Layer	Primitive	What it validates	When
I/O Safety	`guardrail()`	Content safety, PII, injection, toxicity	Before/after generate()
Action Safety	`defineToolFilter()` (future)	Tool call approval, rate limits, cost gates	During tool loop
Output Quality	`constraint()`	Semantic invariants (cite sources, language, tone)	After generation, with retry

Defining Guards

`guardrail()`

Creates a frozen guardrail object. Each guard declares a single phase and a validate function.

import { guardrail } from '@crux/core/safety'

const guard = guardrail({
  name: 'my-guard',
  phase: 'output',
  validate: async (content, ctx) => {
    // content: the text to validate
    //   input phase  → last user message
    //   output phase → model response
    // ctx: GuardrailContext with promptId, model, messages, traceId, metadata
    return { action: 'pass' }
  },
})

Guards are frozen objects — define once, compose freely. Guardrails filter content but never re-call the model. For retry-with-feedback on output quality, use constraint().

Actions

Every validate call returns an action:

Action	Phase	What happens
`pass`	input, output, chunk	Content is safe. Continue to next guard
`block`	input, output, chunk	Hard stop. Throws `GuardrailBlockedError`. Remaining guards skip
`redact`	input, output, chunk	Destructive safety removal. Returns modified `content` + optional `entities`. Modified content flows to next guard
`transform`	input, output, chunk	Constructive quality improvement. Returns modified `content`. Modified content flows to next guard
`warn`	input, output, chunk	Log but continue. Returns `reason`. Content unchanged
`hold`	chunk only	Don't emit yet. Merge this chunk into the next `onChunk` call. Enables cross-chunk transforms

redact vs transform: Both modify content and flow forward the same way. The distinction is semantic — redactions carry safety audit metadata (what was removed, original content), transforms are quality improvements. Devtools displays them differently.

GuardrailContext

Every validate and onChunk call receives context:

interface GuardrailContext {
  phase: 'input' | 'output'
  promptId: string | undefined
  model: string | undefined
  messages: readonly Message[]
  systemPrompt: string | undefined
  traceId: string | undefined
  metadata: Record<string, unknown>
}

Use ctx.model for model-specific rules (stricter for cheaper models), ctx.messages for conversation-aware checks, ctx.metadata for app-specific passthrough.

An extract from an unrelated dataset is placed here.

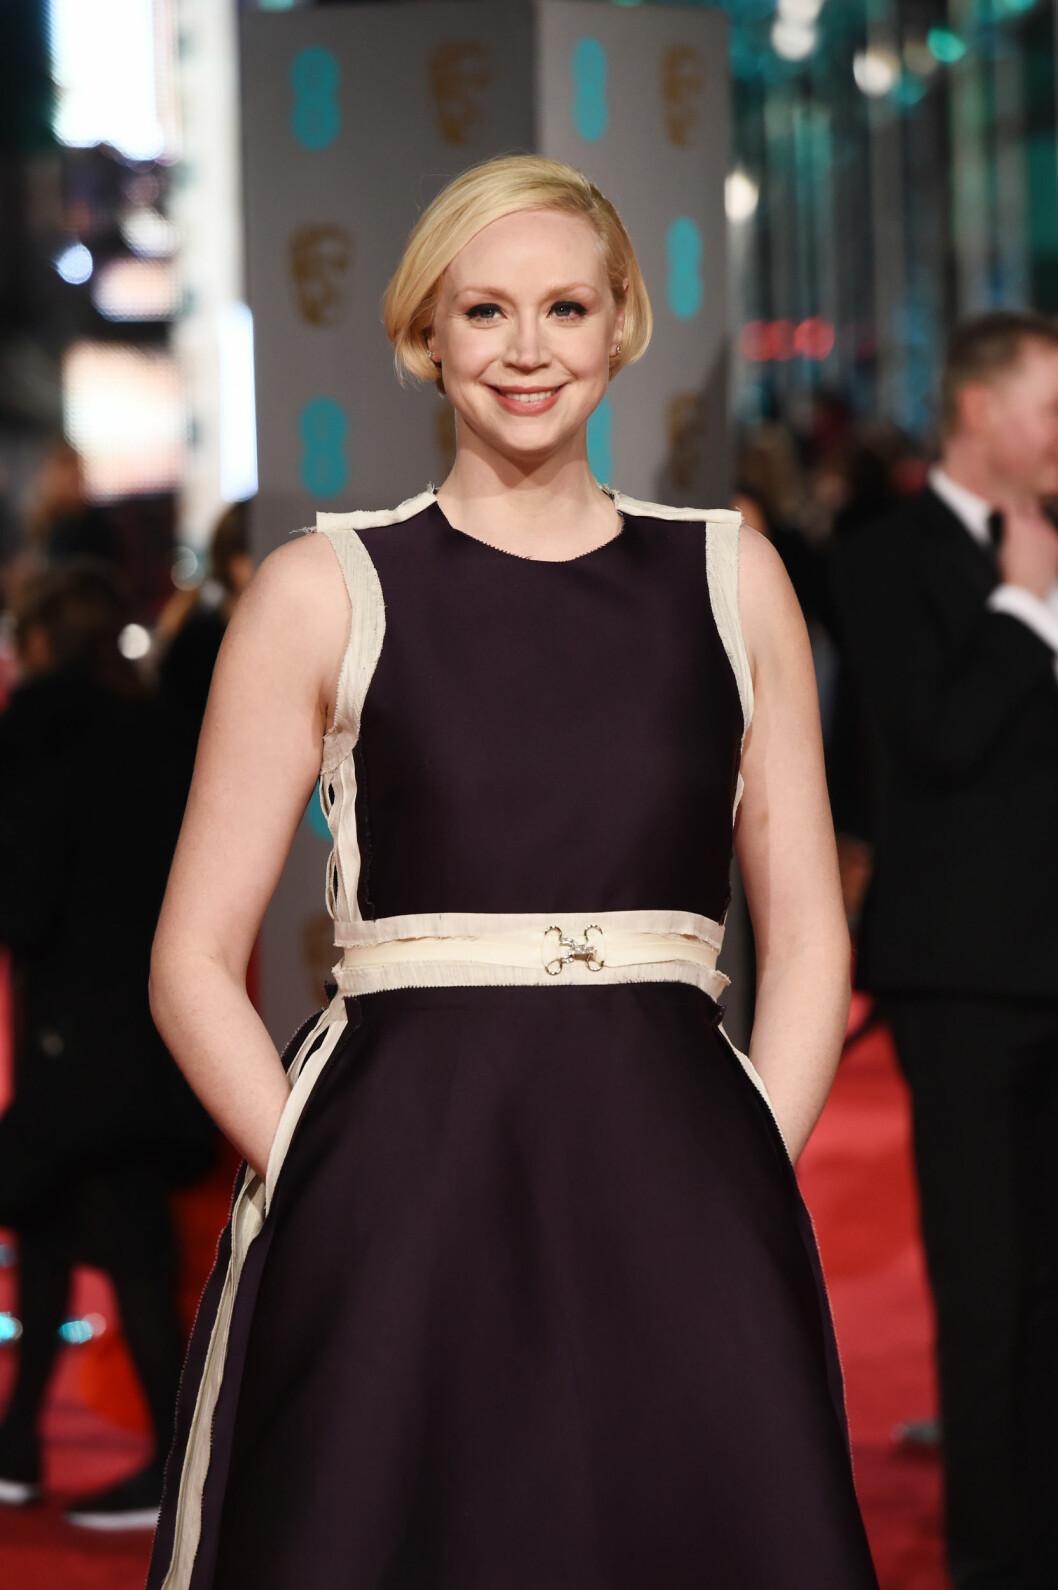 WOW! Altså, hvem hadde trodd at vi hadde sett Brienne, eller Gwendoline Christie som hun egentlig heter, i kjole.  Foto: Xposure

Execution: the Safety session

You never execute guards by hand. Every adapter constructs a per-call Safety session (createSafety()) that merges all scopes, runs input guards before the first provider call — writing redacted/transformed content back into the messages the model sees — and runs constraints followed by output guards on the final output. Custom adapter dialects drive the same session; see the Safety reference.

Execution model

Input guards (before the first provider call):

Guard the last user message (with prompt-text fallback)
Execute in declaration order
Redacted/transformed content flows forward to subsequent guards — and to the provider
First block short-circuits — remaining guards skip, GuardrailBlockedError propagates

Output guards (after constraints accept the final output):

Same sequential execution and content chaining
Skipped when the run suspends for tool approval — the response is a request for permission, not a final output

Content chaining

When a guard redacts or transforms, the modified content is what the next guard sees:

Guard A (PII redactor): "Call John at 555-1234" → "Call [NAME] at [PHONE]"
Guard B (inspector):    sees "Call [NAME] at [PHONE]" — no false positive on already-redacted content

Retry with feedback?

Guardrails never re-call the model. If you need to validate output quality and retry with feedback until requirements are met, use constraint() instead. The session runs constraints with parallel-check and combined-retry before output guards.

Audit trail

Every applied guard lands in the audit on result._meta.guardrails:

const result = await adapter.generate(prompt, opts)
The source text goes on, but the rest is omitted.